Looking back across the lecture, perhaps the most striking aspect was the extent to which sonification emerged as a human problem rather than a technical one. Questions about mapping data to sound, selecting parameters, or designing auditory displays certainly matter, though they consistently led back to larger concerns about accessibility, communication, attention, understanding, and engagement. Again and again, McGrory encouraged students to think less about sound as an isolated discipline and more about what sound can contribute when combined with other ways of understanding the world.

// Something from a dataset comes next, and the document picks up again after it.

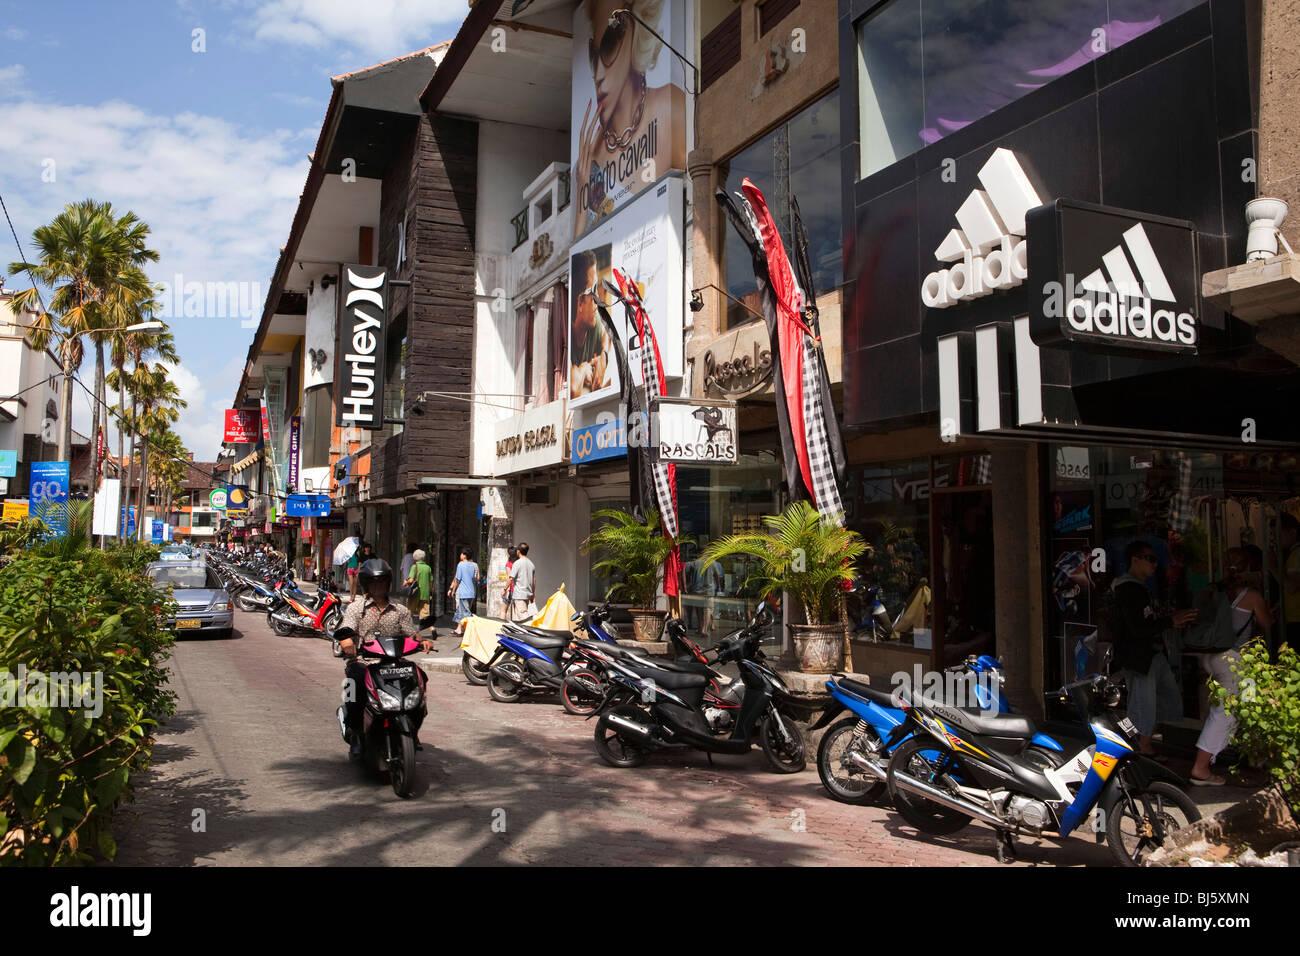 American Bali Tour Companies

Data has become one of the defining materials of contemporary society. Increasingly, our institutions, technologies, economies, and daily lives depend upon it. Yet much of that information remains hidden behind interfaces designed primarily for looking rather than listening. For Hugh McGrory, this represents an enormous opportunity. Whenever information exists without sound, there is the possibility of creating new ways for people to experience, understand, and engage with it. More importantly, there is the possibility of discovering things that might otherwise remain hidden. Listening does not simply provide another route to the same destination. Sometimes it changes what can be found along the way.
Perhaps that is why his central question continues to resonate long after the lecture ends. In a world increasingly shaped by data, why should our ears be left out of the conversation?